AW: difficulties with base linearization
AW: difficulties with base linearization
- Subject: AW: difficulties with base linearization
- From: Henrik Holmegaard <email@hidden>
- Date: Thu, 22 Feb 2001 12:39:25 +0100
One Tpi from me, if you measure the Proofpaper with UV-Filter than you
should measure the Referece with UV-Filter too. All Profiles from BEST
Germany are measured without any Filter and I think our results are not bad.
Ulf
So as not to confuse matters, I think that when Juris measures the
testchart he has printed on his proofer, then he should either
a. Set the Printopen 3/4 software filter for optical brightener to ON
and the UV filter on his spectro to OFF, or
b. Set the UV filter on his spectro to ON and the Printopen 3/4
software filter for optical brightener to OFF.
As I understand you, the BEST profiles do rely on a filter, but it's
the software filter in Printopen which corrects for blue in the media
white point.
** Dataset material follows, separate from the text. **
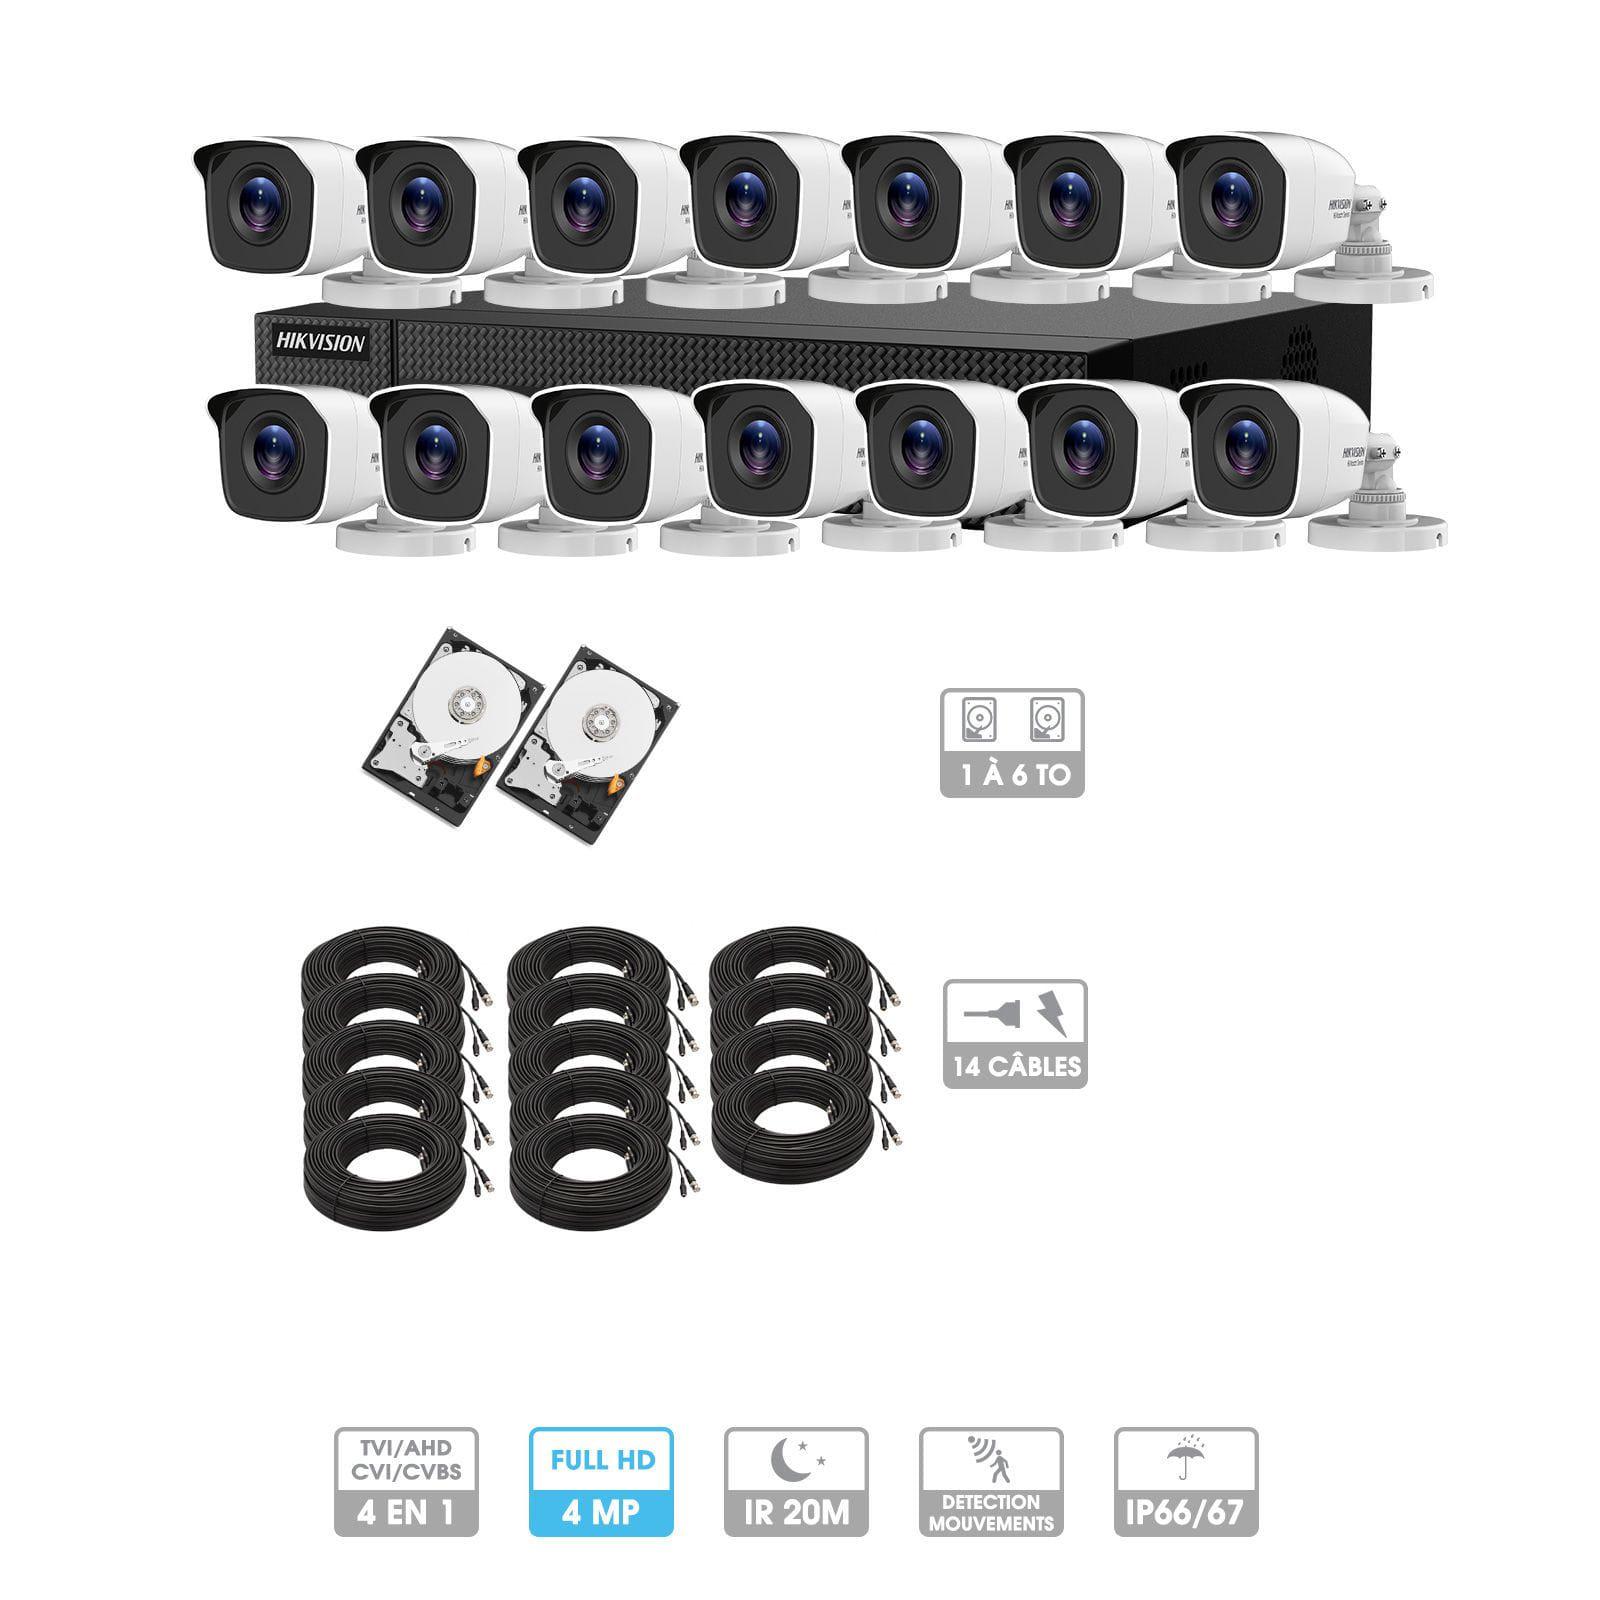 Kit vidéosurveillance 14 caméras | 4MP HD | 14 câbles 20 mètres | 2 HDD 1à 6 To | Tube Hiwatch

The perceptual and relative colorimetric tables are
media relative, so optical brightener affects the graybalance. Right
out of the box Printopen defaults to correcting for optical
brightener which is also why the BEST profiles sensibly maintain this
default. The BEST profiles weren't measured with the Printopen filter
off and a hardware UV filter on the spectrophotometer.
Juris has no way of knowing whether the Reference profile, which in
BEST terms is the profile for the production process (ColorBlind
calls it the Simulation profile, Adobe and Quark call it the
Separations profile), was measured with a UV filter. Usually this
information is viewed as private by the company that gives out the
profile, or the company just didn't keep a record of the measurement
procedure.
Reference / Simulation / Separations profile, they're equally good.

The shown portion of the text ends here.